Given that RS also gave the world A Rape on Campus, the hoax about a rape that never occurred at the University of Virginia, it’s no surprise that an RS writer would believe that baloney.

Anyway, Doritos told RS why it fired the deranged “influencer”:

A spokesperson for Doritos Spain also provided a statement saying the brand was “made aware of Samantha’s deleted Tweets from around 2015” after the campaign had started. “We have ended the relationship and stopped all related campaign activity due to the comments,” the spokesperson said. “We strongly condemn words or actions that promote violence or sexism of any kind.”

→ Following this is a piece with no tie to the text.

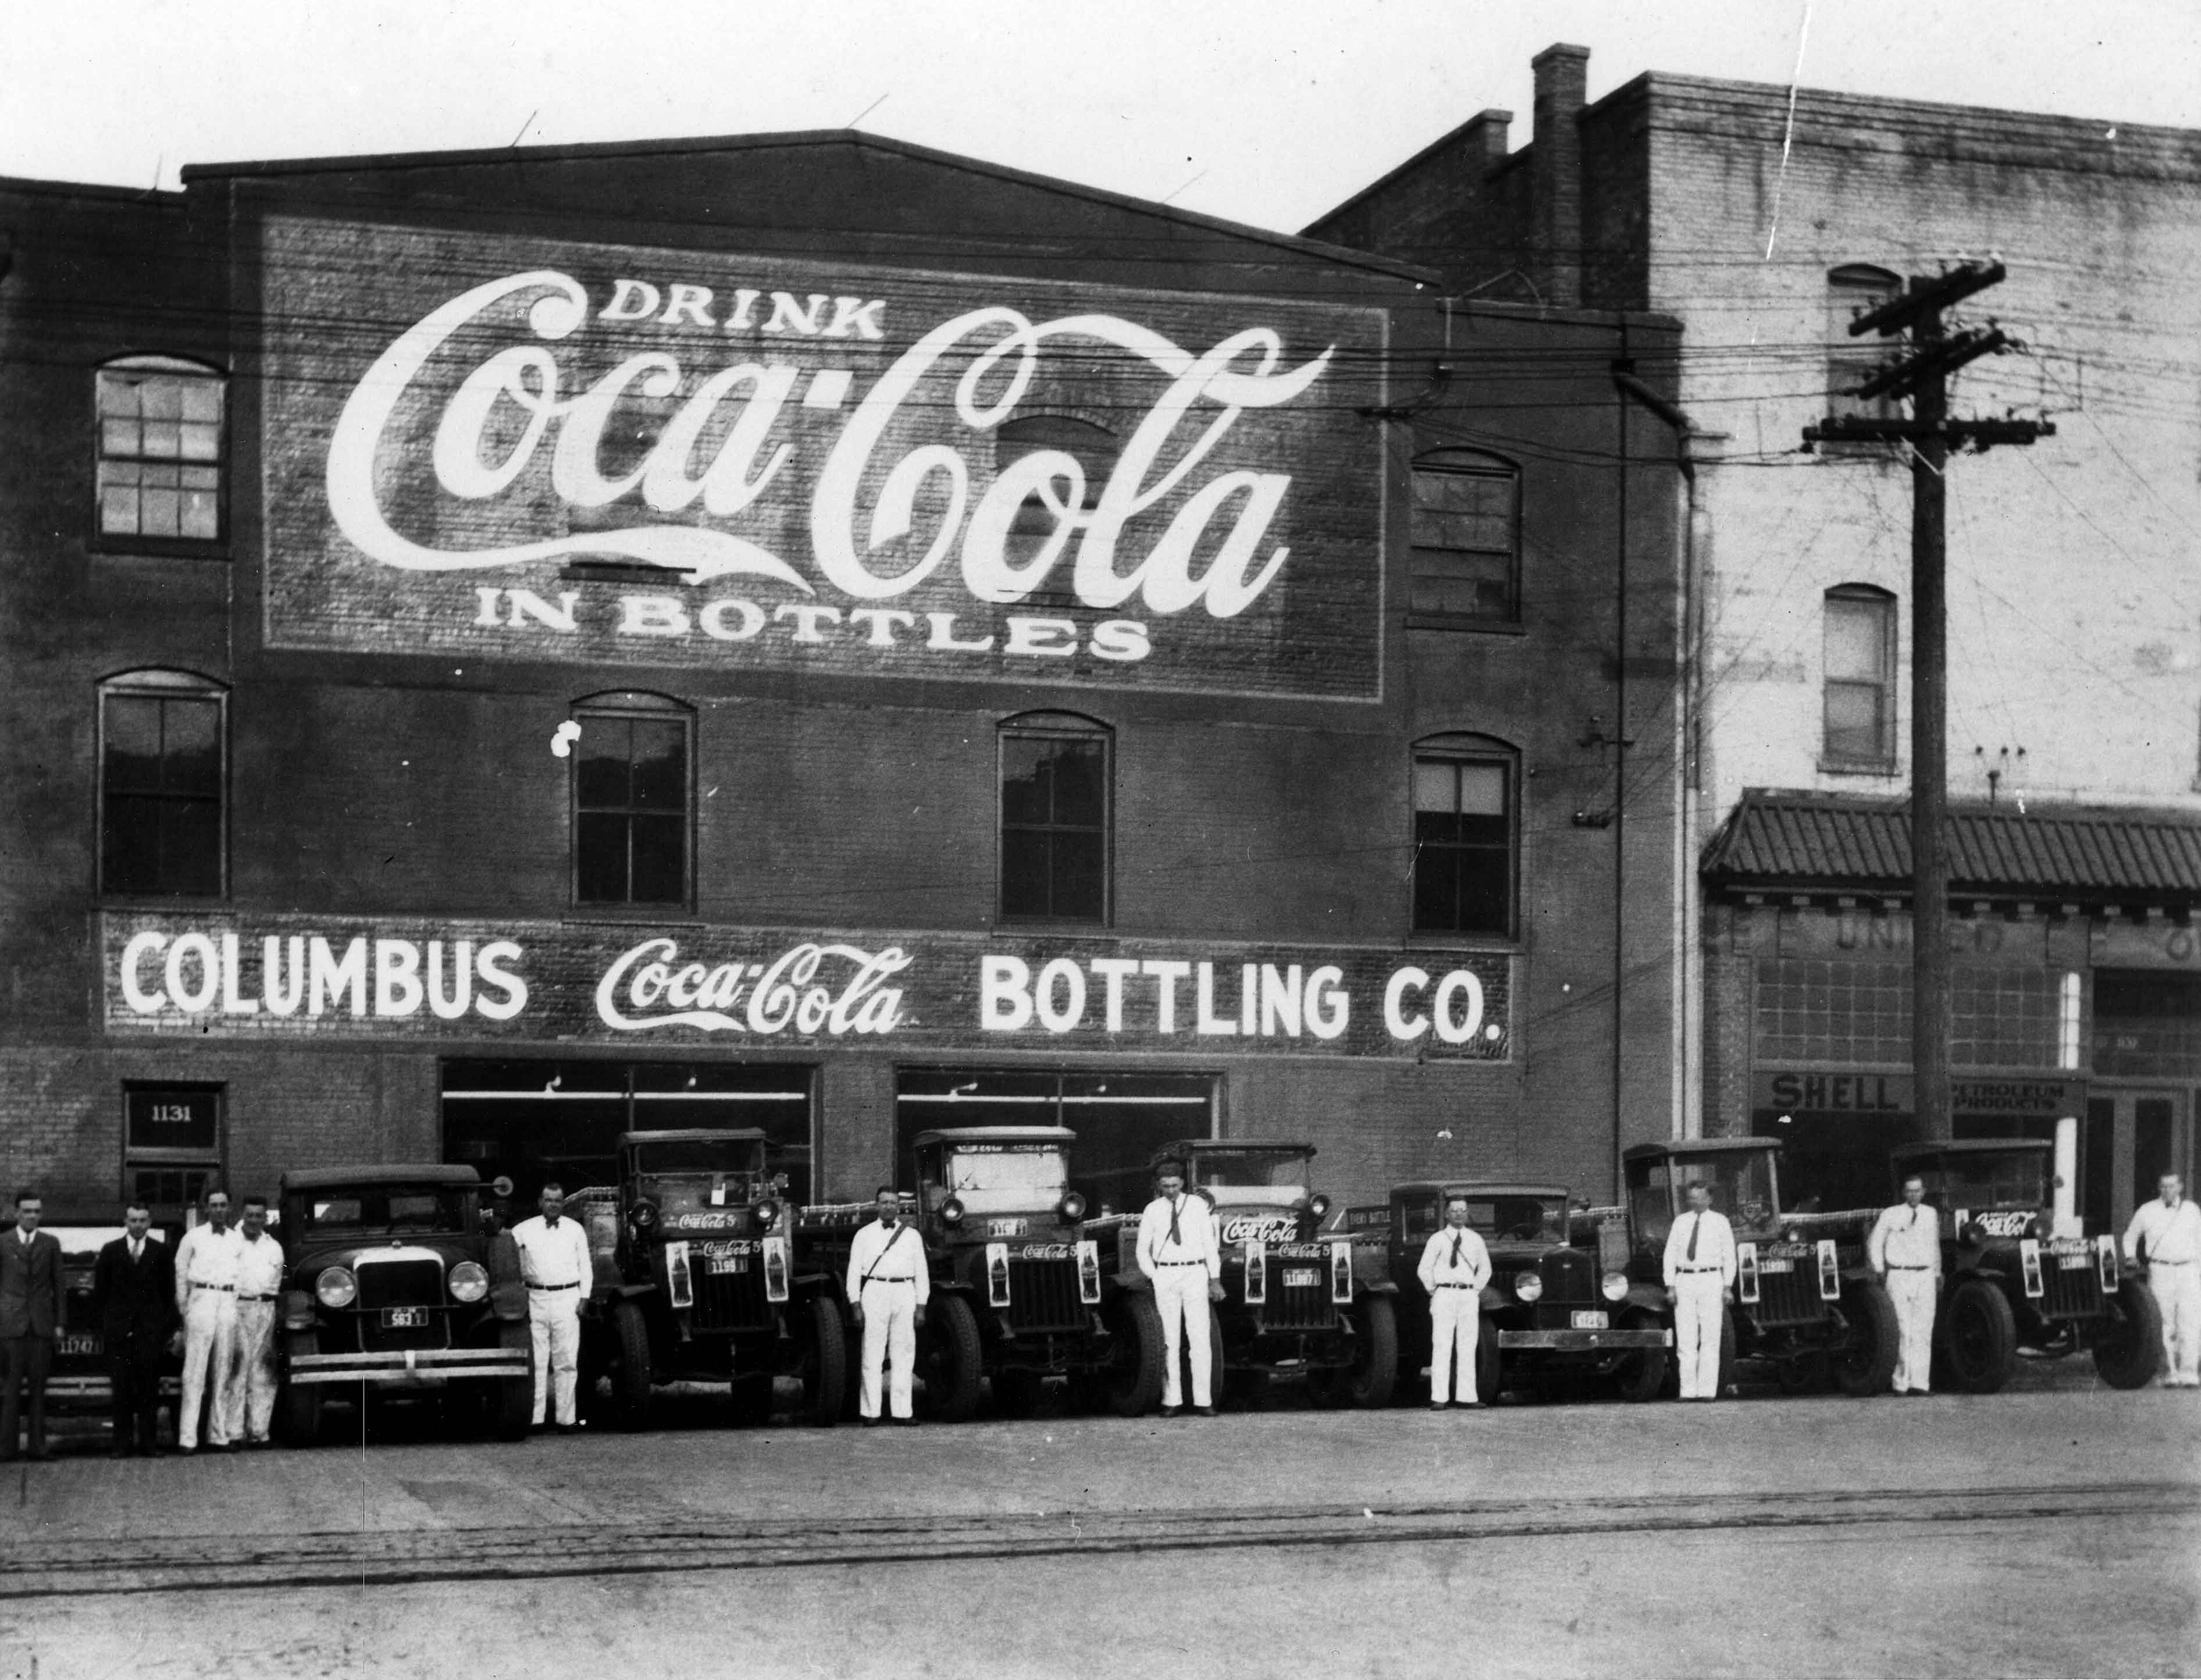 Transportation Company - Coca-Cola - Food Products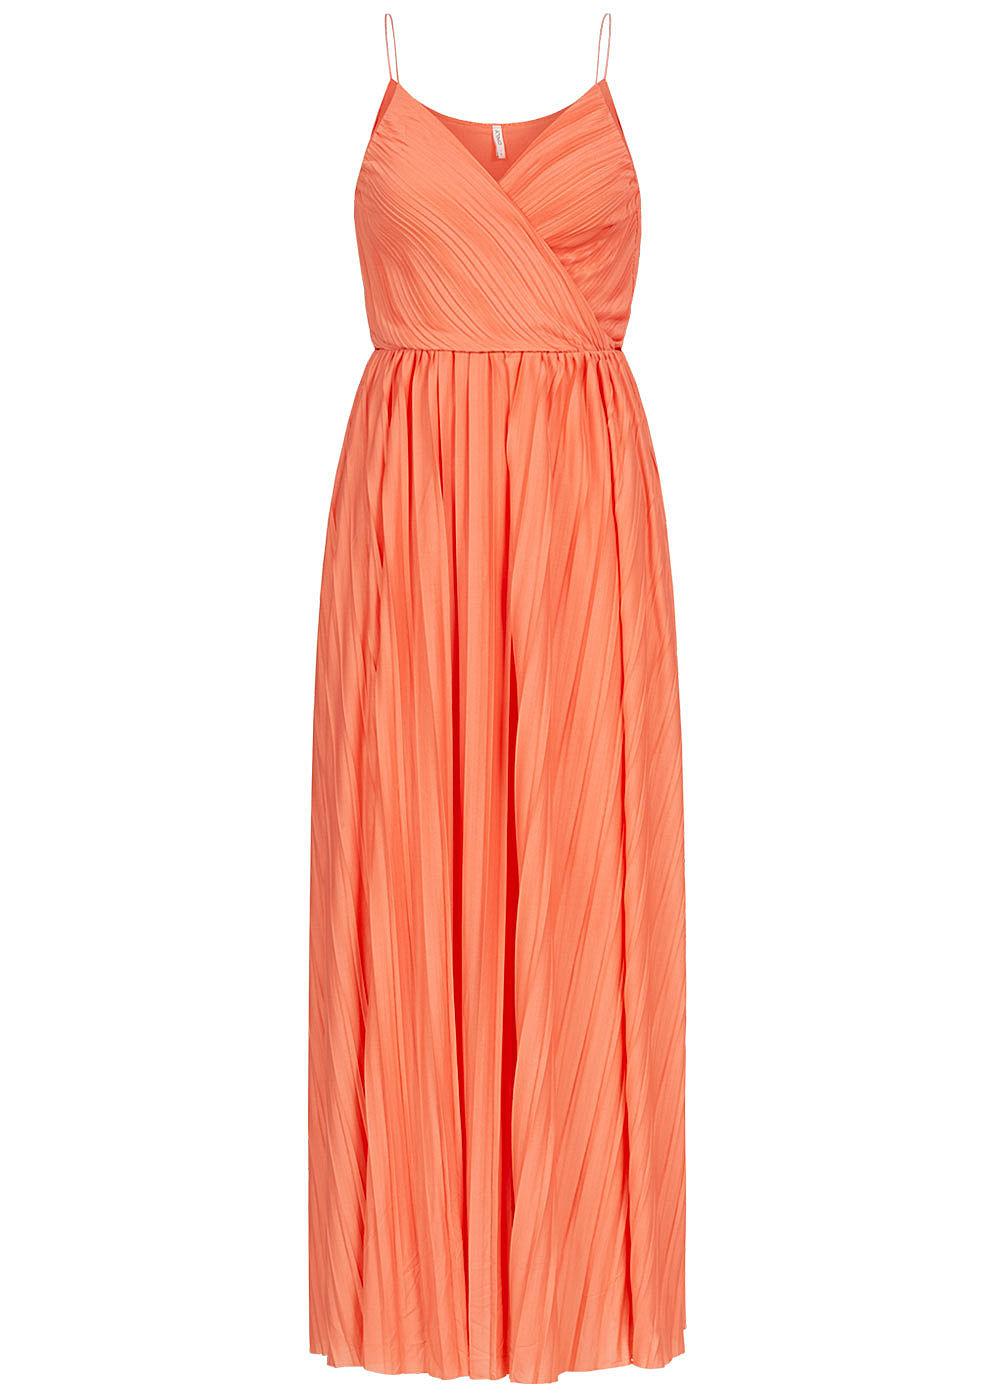 ONLY Damen V-Neck Maxi Kleid Wickeloptik mit Falten 16-lagig terra

The magazine claimed that the “right wing” was mostly disturbed that Hudson was a “transgender,” and that concerns about his openly pedo tweets were an “afterthought”:

Although the right’s history of campaigning against brands for collaborating with LGBTQ influencers merits extensive mockery, it has, unfortunately, been somewhat effective in bringing down corporations’ bottom lines. Following the controversy over Dylan Mulvaney, Bud Light lost an estimated $395 million in U.S. sales, and Target also suffered a second-quarter slump after conservative activists rallied against its Pride Month merchandise, with the company even receiving bomb threats. The Doritos Spain debacle should, by any reasonable measures, be viewed as an instance of an overseas division of a brand failing to sufficiently vet an influencer’s social media history; instead, it’s being turned into a cri de coeur for a virulently transphobic sector of the right wing that is desperate to find something, anything, to get mad at.

After publishing A Rape on Campus, maybe RS shouldn’t be mocking anyone.

Cheong answered the RS lament. “Instead of covering the news like normal decent human beings, Rolling Stone decided to take the side of the trans influencer who said he wanted to do bad things to little girls, deeming it to be ‘transphobia’ in a typical ‘conservatives pounce!’ article,” he wrote on X. “So let’s clear this up: it is transphobic to oppose p*dophilia.”

That Doritos panicked after Hudson’s pedo tweet surfaced is no surprise. Anheuser-Busch lost $395 million in revenue after it plastered tranny Dylan Mulvaney’s visage on beer cans last year, and sales have not recovered for the former No. 1 best-selling beer.